Por esse motivo, a verdadeira meditação surge de uma íntima união com a Igreja, de uma verdadeira familiaridade com a Palavra de Deus e de uma recepção frutuosa dos sacramentos. Assim, todo individualismo egoísta não encontra respaldo na tradição cristã, pois, na meditação, é necessário sair-se de si para abrir-se a Deus por meio da Igreja.

Duas atitudes contrárias à meditação cristã

O documento aponta, também, duas atitudes contrárias à meditação cristã: a pseudognose e o messalianismo.

A pseudognose afirma que a matéria e, por extensão, o corpo e o mundo são realidades, em si mesmas, más. Por isso, conforme tal entendimento, o orante deve buscar desprender-se da materialidade para alcançar um conhecimento do divino que está em sua alma. Contra esse erro, os Padres da Igreja afirmam “que a matéria foi criada por Deus e por isso não é má. Além disso, asseveram que a graça, cujo manancial é sempre o Espírito Santo, não é um bem próprio da alma, mas deve ser obtida de Deus como dom”.

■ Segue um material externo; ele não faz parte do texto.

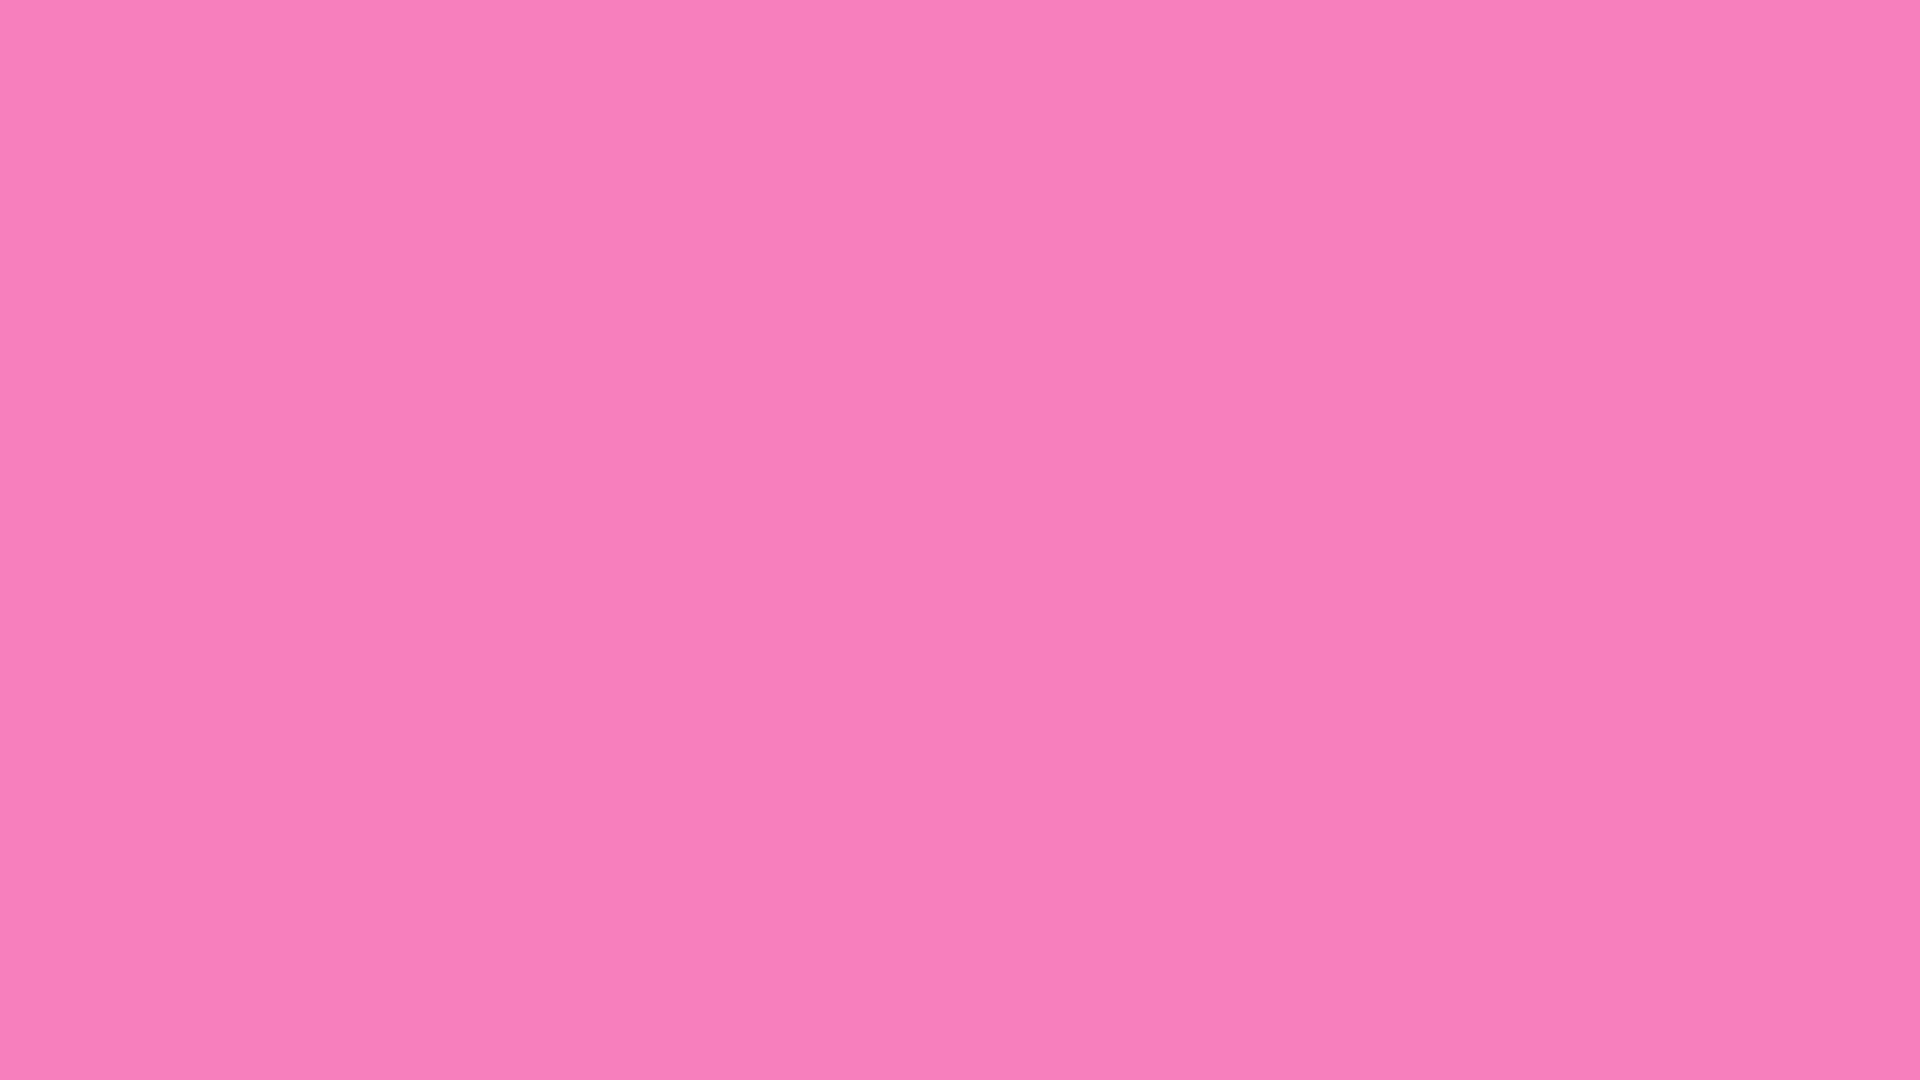 1920x1080 Persian Pink Solid Color Background

O messalianismo vê nas experiências psicológicas e emotivas o cerne da meditação, afirmando que os períodos de êxtase e alegria são revelação de que Deus está presente na alma. “Contra eles, os Padres insistiam no ponto firme de que a união da alma orante com Deus se realiza no ‘mistério’, de modo particular mediante os sacramentos da Igreja. Tal união pode se realizar também por meio de experiências de aflição e de desolação. Contrariamente à opinião dos messalianos, a aflição e a desolação não constituem um sinal de que o Espírito tenha abandonado a alma”, afirma a Carta.

A caridade como sinal da verdadeira meditação cristã

Mais do que estados de alegria ou êxtase psicológicos, o sinal claro de uma efetiva meditação é a “caridade ao próximo”.

A oração autêntica “desperta nos orantes uma caridade ardente que os impele a colaborar na missão da Igreja e no serviço dos irmãos, para a maior glória de Deus”. A meditação nos estimula a cumprir a vontade do Pai em toda a nossa vida. Por esse motivo, Cristo se retirava para rezar, “para se unir ao Pai e receber Dele novo vigor para cumprir a sua missão no mundo”.

Dessa forma, os frutos da meditação cristã devem se estender para além do momento em que ela é feita. Nesse sentido, São Paulo afirma que a oração não se interrompe quando nos dedicamos ao trabalho ou a outras coisas: “Quer comais, quer bebais, quer façais qualquer outra coisa, fazei tudo para a glória de Deus” (1Cor 10,31).

A Carta estende-se a muitos outros aspectos da meditação cristã, que têm origem numa tradição deixada pelo próprio Cristo e vivida por muitos santos. Conhecer esse tesouro, certamente, ajudará todos os que buscam a Deus “com todo o coração” a encontrá-Lo verdadeiramente e a viverem uma íntima união de amizade com Ele, como prometeu o próprio Cristo: “Já não vos chamo servos (…), mas amigos” (Jo 15,15).